Arigna: Travel Goals


We arrive at the Arigna mine without preconceived ideas. It is something to do while staying in County Leitrim, Ireland. The woman at check in shows us to an area where we see a brief film that explains the history of the mine which was shut down in the 1990’s. We look at photos and I browse the small gift counter.

Eventually we are taken into a room at the mine opening and asked to put on hard hats. We are the only people on the first tour of the day. Our guide’s name is Michael and he was a former coal miner at the site.

Michael has a shy smile, a miner’s cough, and a thick local accent. He is soft spoken and therefore (to us) often hard to understand. He pauses at the photo of Jesus at the mine entry and blesses himself, telling us it was the first and last thing every miner did upon entering and leaving the mine.

He tells us he left school at fifteen to go underground and that his father had begged him not to. But he hadn’t liked school and the miners seemed larger than life.
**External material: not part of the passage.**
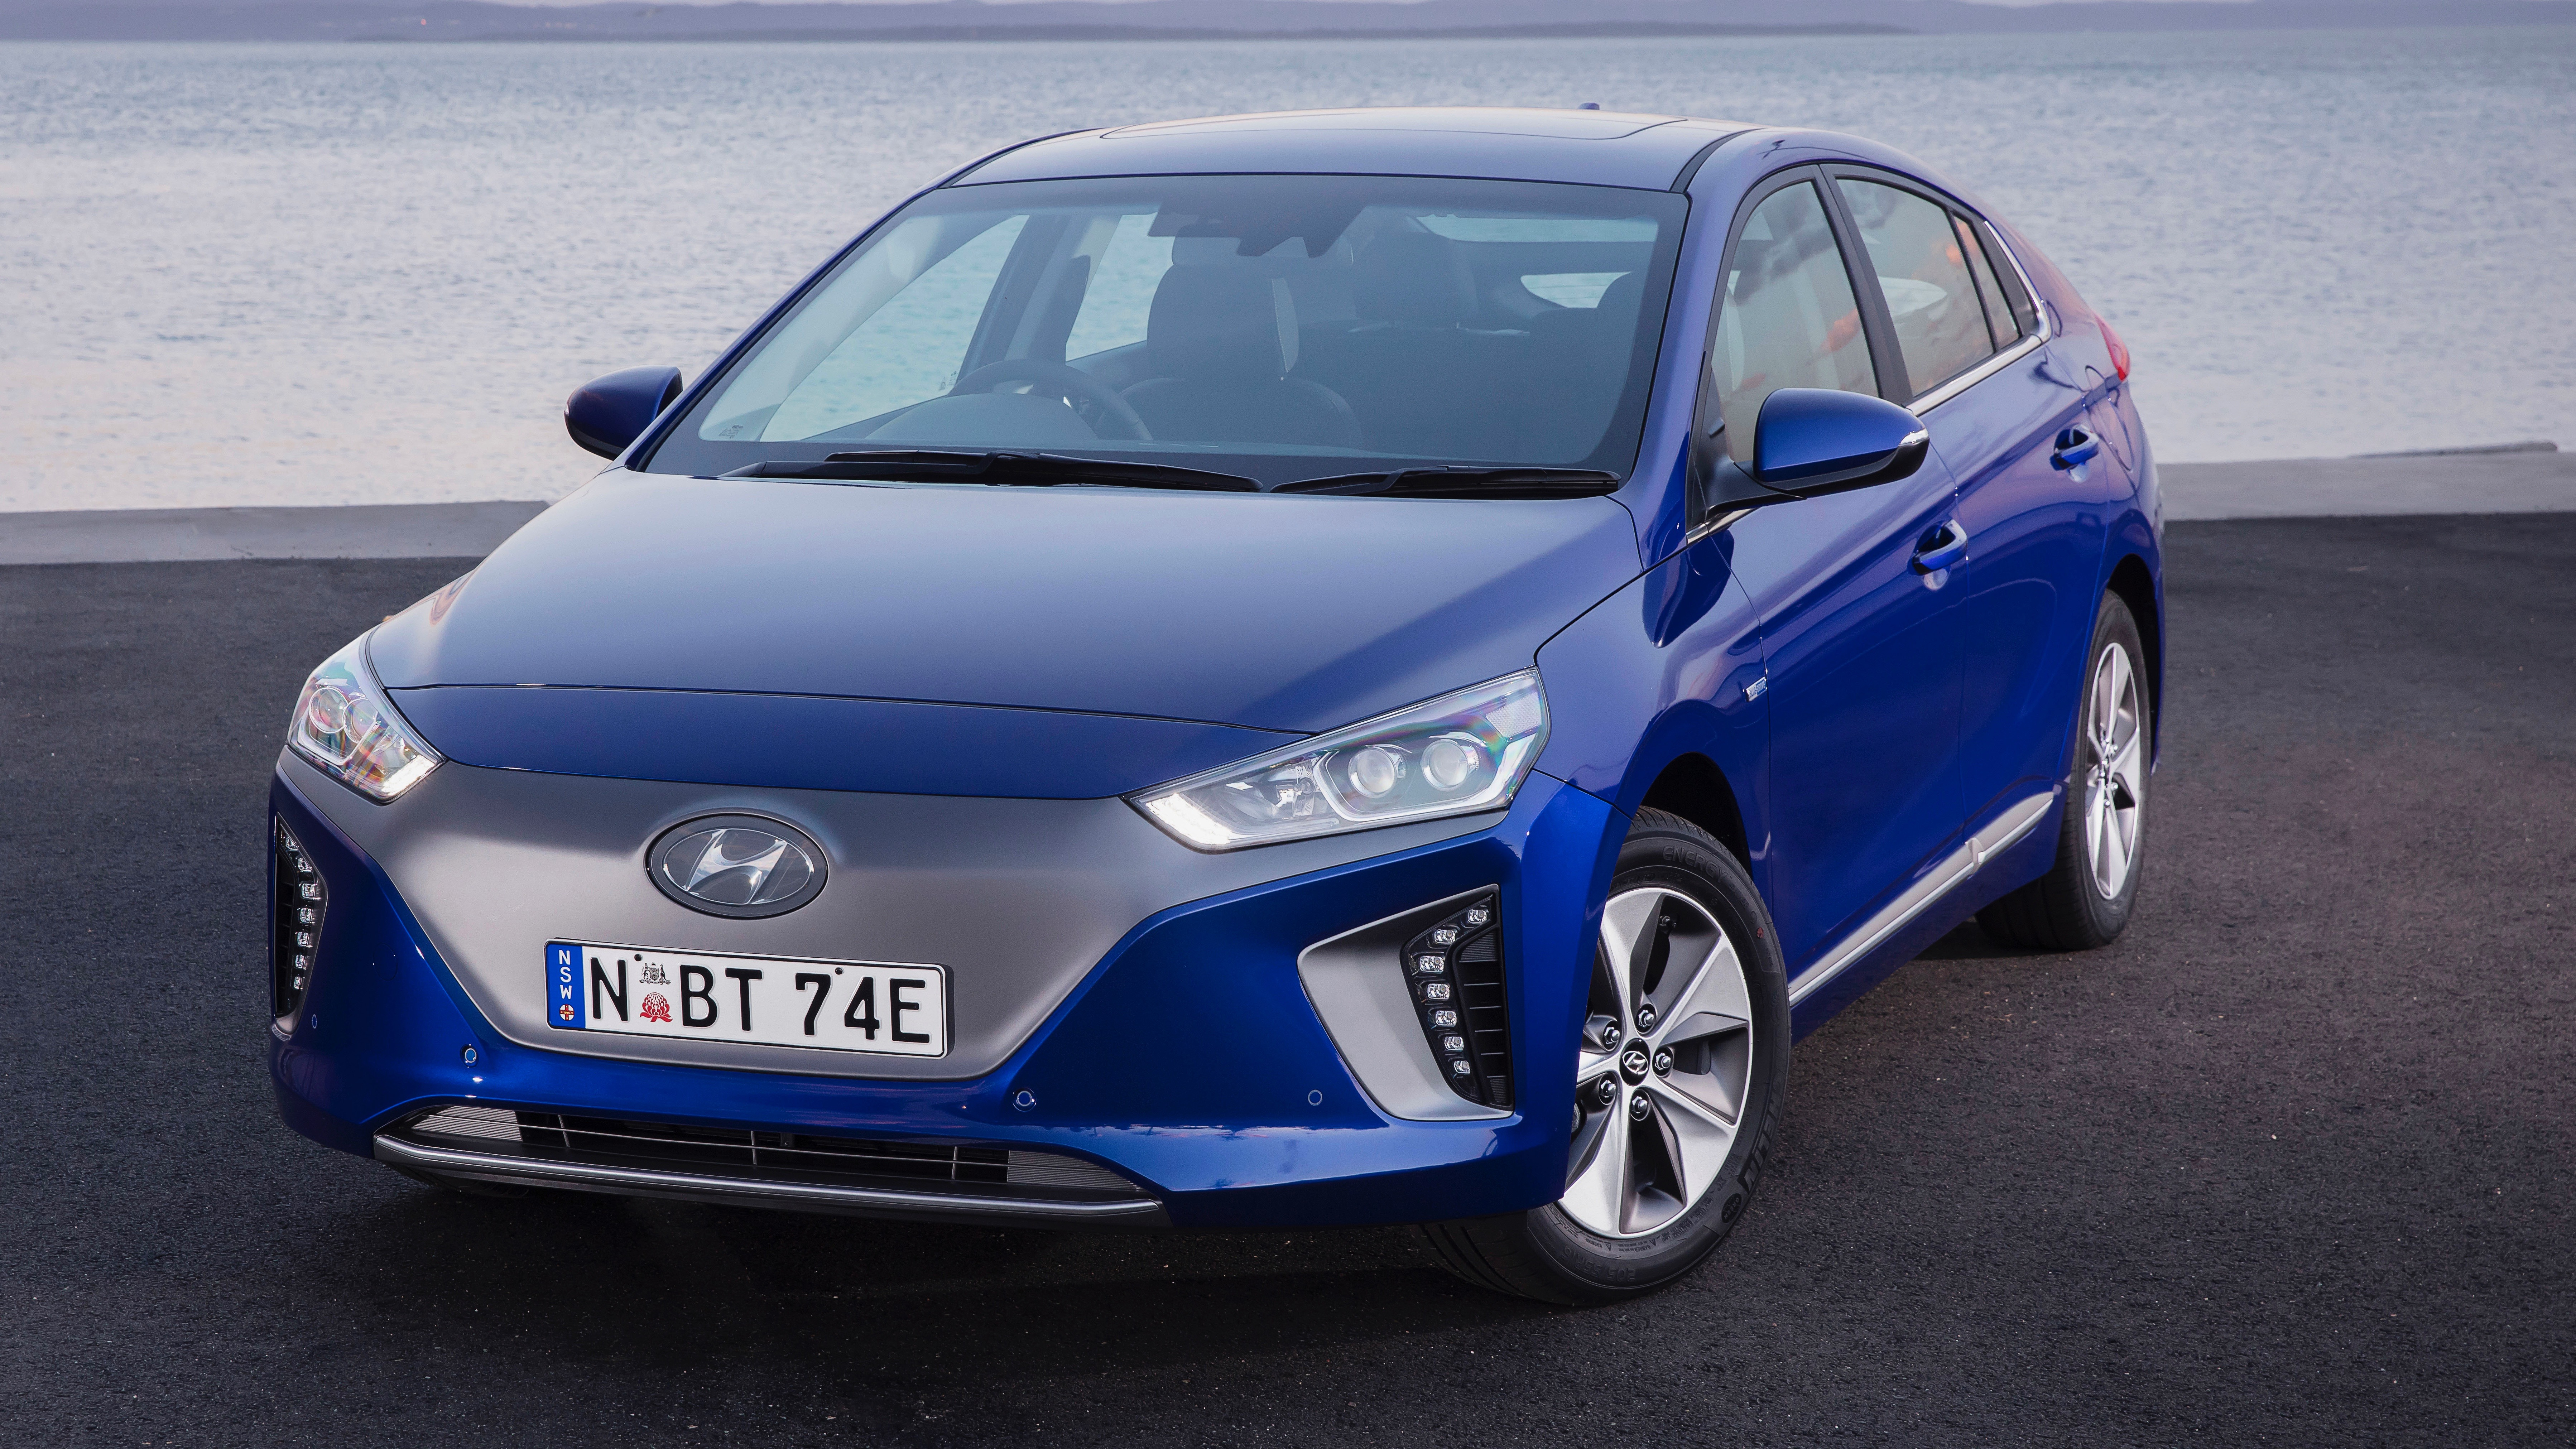 2019 Hyundai Ioniq Premium Electric blue front 3/4

He wanted to make money and the larger amounts of money went to those who worked the most dangerous and difficult areas of the mine. He volunteered for jobs with increasing risks.

We walk into the shafts. I share that my grandfather had been a lead miner as he shows us the coal car system. He shows us the thin seams of coal and describes how you had to lay on your shoulder in cold water to work the seam and extract the coal. He grows a little pensive as he remembered the dark and the endless dust.

I ask lots of questions as I want to understand his experience. Though he always answers, at times he seems lost in the past and reluctant to talk about the hardships. When I ask if he was in any of the photos of the working mine in the small interpretative center, I finally got a full smile. After we leave the mine, he takes me to his photos and shares the names of his mates between the constant coughs. A light returns to his eyes, ever so briefly. The mine has closed but the memory of friends lives on.